Japan will have no choice but to rethink its Myanmar development aid if the situation in the Southeast Asian country does not improve, Foreign Minister Toshimitsu Motegi said on Friday, adding that private investment might also not be possible.

Japan is a major donor to Myanmar and big Japanese companies have aggressively expanded business in recent years, seeing it as the region’s last major frontier market.

Japan also fears pushing Myanmar closer to China.

Myanmar’s security forces have killed more than 800 people since a wave of protests broke out after the military overthrew an elected government led by Nobel laureate Aung San Suu Kyi on Feb. 1, the Assistance Association for Political Prisoners activist group says.

“If the current situation continues, we will have no choice but to re-think our overseas development aid, and I believe it also might not be possible for private companies to invest, even if they want to,” Motegi told a regular news conference.

“As a country that’s supported democracy, and as a friend, we must convey this clearly.”

He gave no further details, but Motegi was quoted in the Nikkei newspaper on Friday as saying that Japan was willing to cut off all aid to Myanmar, even for existing projects. Japan has already halted negotiations on new aid.

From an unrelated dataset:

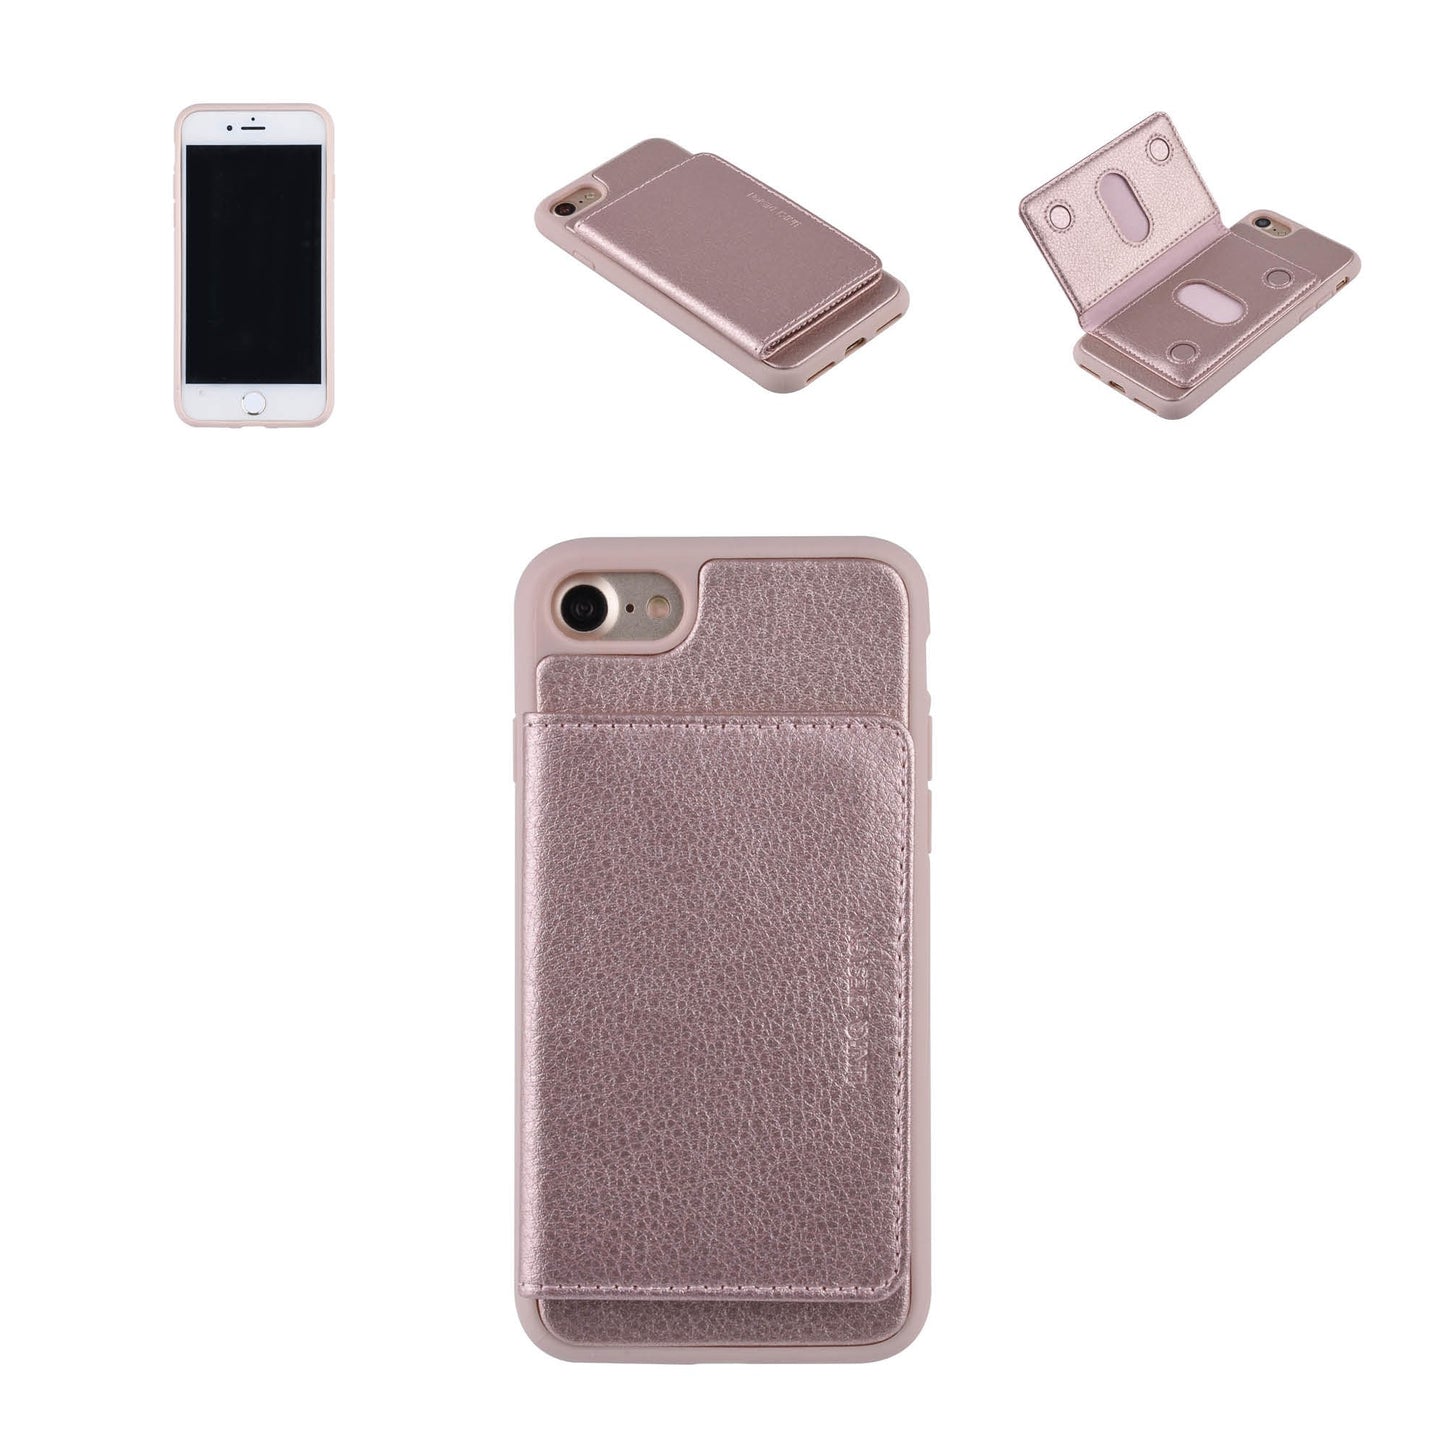 Backcover hoesje voor de iPhone SE (2022/2020) iPhone 8/ iPhone 7 - Roze

Japan has been a big investor and source of technical help and development aid for Myanmar’s semi-civilian governments in the decade of political reform that followed the end of the last era of military rule in 2011.

Myanmar’s generals have in the past shunned efforts by foreign governments to press them to follow a more democratic path.

In what appeared to be a sign of an uncompromising military stand against the pro-democracy movement, Myanmar’s junta-appointed election commission will dissolve Suu Kyi’s political party because of what it said was fraud in a November election, the Myanmar Now news outlet said on Twitter, citing a commissioner.

Reuters was not immediately able to reach the election commission and officials from Suu Kyi’s party did not respond to a request for comment.